[Data records]

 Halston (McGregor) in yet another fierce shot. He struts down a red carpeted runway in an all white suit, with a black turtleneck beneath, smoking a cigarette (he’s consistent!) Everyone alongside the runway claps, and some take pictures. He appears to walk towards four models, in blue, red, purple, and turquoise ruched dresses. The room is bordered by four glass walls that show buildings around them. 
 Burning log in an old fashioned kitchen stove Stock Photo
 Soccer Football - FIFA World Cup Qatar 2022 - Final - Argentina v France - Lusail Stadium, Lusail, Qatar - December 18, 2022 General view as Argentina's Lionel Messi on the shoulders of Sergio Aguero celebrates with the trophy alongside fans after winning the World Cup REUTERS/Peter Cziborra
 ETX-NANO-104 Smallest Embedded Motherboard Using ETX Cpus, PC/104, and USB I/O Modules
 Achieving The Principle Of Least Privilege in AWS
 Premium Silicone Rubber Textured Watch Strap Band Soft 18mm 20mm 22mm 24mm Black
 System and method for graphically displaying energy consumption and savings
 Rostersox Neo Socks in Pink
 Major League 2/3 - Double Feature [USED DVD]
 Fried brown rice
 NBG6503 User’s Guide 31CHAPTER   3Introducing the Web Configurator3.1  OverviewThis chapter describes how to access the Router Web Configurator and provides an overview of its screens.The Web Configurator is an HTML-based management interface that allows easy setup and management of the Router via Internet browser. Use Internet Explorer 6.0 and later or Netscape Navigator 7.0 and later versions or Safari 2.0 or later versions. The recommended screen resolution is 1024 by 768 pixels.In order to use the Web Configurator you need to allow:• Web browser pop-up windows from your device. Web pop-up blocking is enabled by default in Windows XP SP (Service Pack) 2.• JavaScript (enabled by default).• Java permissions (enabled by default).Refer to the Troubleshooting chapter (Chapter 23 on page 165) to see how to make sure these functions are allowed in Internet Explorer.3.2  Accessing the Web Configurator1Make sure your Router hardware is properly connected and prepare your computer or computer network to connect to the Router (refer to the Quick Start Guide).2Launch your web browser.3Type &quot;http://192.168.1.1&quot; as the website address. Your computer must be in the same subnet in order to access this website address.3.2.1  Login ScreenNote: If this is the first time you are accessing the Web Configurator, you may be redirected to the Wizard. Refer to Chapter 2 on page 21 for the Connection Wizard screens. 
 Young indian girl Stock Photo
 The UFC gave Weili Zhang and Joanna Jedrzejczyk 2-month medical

_EXERCISE DESCRIPTION_. Return all the data above once more, precisely as given.

_SOLUTION TO THE PROBLEM_.
 Halston (McGregor) in yet another fierce shot. He struts down a red carpeted runway in an all white suit, with a black turtleneck beneath, smoking a cigarette (he’s consistent!) Everyone alongside the runway claps, and some take pictures. He appears to walk towards four models, in blue, red, purple, and turquoise ruched dresses. The room is bordered by four glass walls that show buildings around them. 
 Burning log in an old fashioned kitchen stove Stock Photo
 Soccer Football - FIFA World Cup Qatar 2022 - Final - Argentina v France - Lusail Stadium, Lusail, Qatar - December 18, 2022 General view as Argentina's Lionel Messi on the shoulders of Sergio Aguero celebrates with the trophy alongside fans after winning the World Cup REUTERS/Peter Cziborra
 ETX-NANO-104 Smallest Embedded Motherboard Using ETX Cpus, PC/104, and USB I/O Modules
 Achieving The Principle Of Least Privilege in AWS
 Premium Silicone Rubber Textured Watch Strap Band Soft 18mm 20mm 22mm 24mm Black
 System and method for graphically displaying energy consumption and savings
 Rostersox Neo Socks in Pink
 Major League 2/3 - Double Feature [USED DVD]
 Fried brown rice
 NBG6503 User’s Guide 31CHAPTER   3Introducing the Web Configurator3.1  OverviewThis chapter describes how to access the Router Web Configurator and provides an overview of its screens.The Web Configurator is an HTML-based management interface that allows easy setup and management of the Router via Internet browser. Use Internet Explorer 6.0 and later or Netscape Navigator 7.0 and later versions or Safari 2.0 or later versions. The recommended screen resolution is 1024 by 768 pixels.In order to use the Web Configurator you need to allow:• Web browser pop-up windows from your device. Web pop-up blocking is enabled by default in Windows XP SP (Service Pack) 2.• JavaScript (enabled by default).• Java permissions (enabled by default).Refer to the Troubleshooting chapter (Chapter 23 on page 165) to see how to make sure these functions are allowed in Internet Explorer.3.2  Accessing the Web Configurator1Make sure your Router hardware is properly connected and prepare your computer or computer network to connect to the Router (refer to the Quick Start Guide).2Launch your web browser.3Type &quot;http://192.168.1.1&quot; as the website address. Your computer must be in the same subnet in order to access this website address.3.2.1  Login ScreenNote: If this is the first time you are accessing the Web Configurator, you may be redirected to the Wizard. Refer to Chapter 2 on page 21 for the Connection Wizard screens. 
 Young indian girl Stock Photo
 The UFC gave Weili Zhang and Joanna Jedrzejczyk 2-month medical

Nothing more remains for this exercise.